Spring 2026, Instructor: Mark Hoefer (Applied Math dept)

See also [policies](policies.md), the [high-level
schedule](./APPM%204600%20Spring%202026%20schedule.pdf), and the [day-by-day schedule](schedule.md)

### Official course description
Provides an introduction to numerical analysis and scientific
computing. Numerical analysis topics include root finding,
interpolation, quadrature, linear system solution techniques, and
techniques for approximating eigenvalues. Scientific computing topics
include code development and repository management in addition to an
introduction to shared and distributed memory computing. Involves
hands-on learning with weekly group interactions and a final project
including a report and in-class presentation. Recommended
prerequisite: knowledge of a programming language such as Python
(preferable), Matlab, or C++.

A **prerequisite** course APPM 3310 (matrix methods), with a minimum grade of C-.

For 4600, we'll use a lot of math from your previous courses,
especially:

- lots of calculus, including: Taylor's theorem, fundamental theorem of calculus, IVT, EVT, MVT, sequences and series, limits, continuity, Riemann sums, L'Hopital's rule
- Facts about polynomial roots (fundamental theorem of algebra); complex numbers
- Vector spaces, subspaces, bases
- Solving linear equations, vector operations (dot products), matrix multiplication; eigenvalues

### Related courses at CU
This course is similar to the CS department's [CSCI-3656 Numerical Computation](https://github.com/cu-numcomp/numcomp-class/) but has a bit more analysis (and more math prerequisites), fewer implementation details, and similar but not identical topics.

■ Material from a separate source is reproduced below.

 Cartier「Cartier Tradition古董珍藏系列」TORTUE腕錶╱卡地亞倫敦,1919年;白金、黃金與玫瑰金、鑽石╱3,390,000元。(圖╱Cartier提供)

This course was forked from the APPM/MATH 4650 (and second semester
4660) in about 2022 in recognition of the different needs of math vs
applied math students. MATH 4650 has less focus on actual software
implementation is only 3 credits, not 4, but otherwise both
classes cover roughly the same topics.

### Programming
Homeworks will involve mathematical analysis and programming.

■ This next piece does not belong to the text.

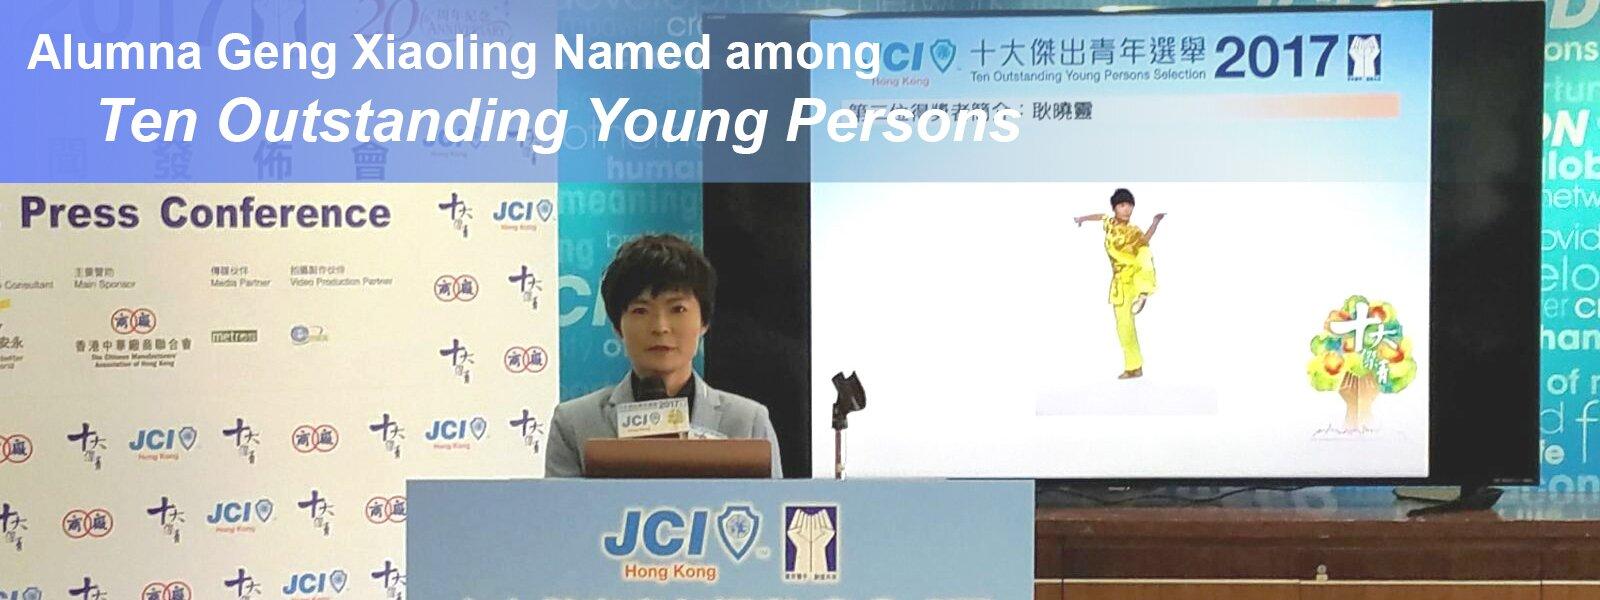 Alumna Geng Xiaoling Named among Ten Outstanding Young Persons

Students are expected to already know how to program. We encourage
using Python; Julia is another good choice though we will not be using
it explicitly. For homework assignments, usually the deliverable is
the outcome of some code, so therefore the student may choose **any**
programming language. However, we will be doing demonstrations in
Python and the instructor/TA are best at debugging Python and/or
Matlab. Most of our demonstrations will be using
[github](http://github.com) in conjunction with [python via
colab](https://colab.research.google.com/). Homework solutions are
usually posted in Python. The **labs** are all in Python.

### Principal Topics

- Scientific computing concepts
- Floating point numbers
- Modern programming workflow
- Automatic differentiation (taught at instructor's discretion)
- Fixed point equations and roots of nonlinear equations
- Focus on 1D case, some extensions to multidimensional case
- Optimization
- Interpolation, polynomial approximation, splines
- Numerical integration (quadrature)
- Gaussian elimination, LU, and solving linear systems
- Iterative methods (taught at instructor's discretion)
- Eigenvalue problems
- Iterative methods (taught at instructor's discretion)

In the change from 4650 to 4600, we now save numerical differentiation and numerical methods for IVP and BVP for the second semester class.

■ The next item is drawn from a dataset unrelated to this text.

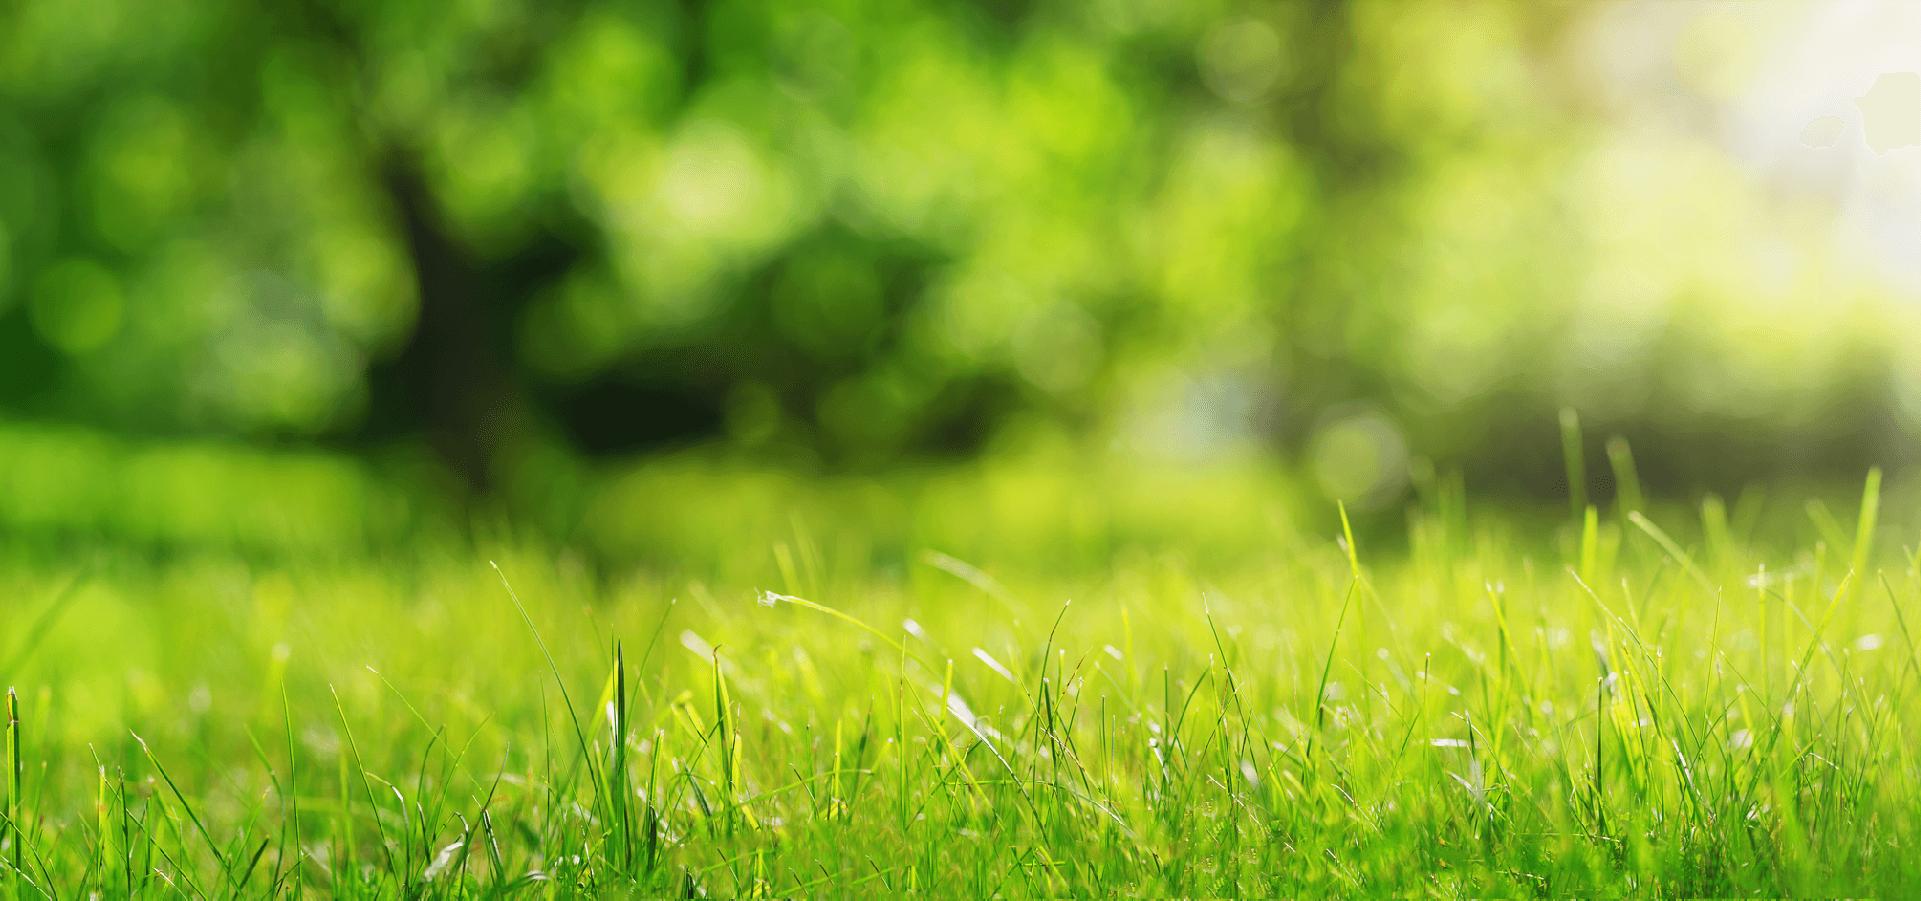 greengrass-life

### Learning Goals/Outcomes
[//]: # ( Not testable; high-level )
- Understand the sources of errors in computation, and be able to analyze the stability of an algorithm
- Be able to pick an appropriate computing environment and when to use existing libraries/frameworks
- Be able to translate numerical algorithms into fast, easy to read and generalizable pieces of software
- Know which mathematical problems are efficiently solvable on a computer
- Understand how polynomials are used in numerical algorithms
- Know how calculus concepts (differentiation, integration, ODEs) can be tackled in a computational setting
- Understand the basics of block computation, LAPACK, and parallel computing

### Learning Objectives (i.e., quantifiable outcomes)
- Determine when a problem is ill-conditioned and when an algorithm is unstable; understand the difference between symbolic and numeric computation, and floating-point and fixed-point arithmetic
- Gain familiariaty with the standard categories of numerical problems
- Know basic methods, and their tradeoffs, for solving 1-dimensional nonlinear equations and multi-dimensional linear equations
- Have some understanding of methods, and complications, for solving multi-dimensional nonlinear equations and multivariate optimization problems; understand the difference between stationary points and optima
- Understand how polynomials are used for quadrature rules, and the ideas of composite rules and non-equispaced nodes.

### Exams
Both midterms are Wednesday evening exams that will take place on
2/25/26 and 4/1/26, time (on or after 5pm) and location TBD; solutions will be made available on Canvas.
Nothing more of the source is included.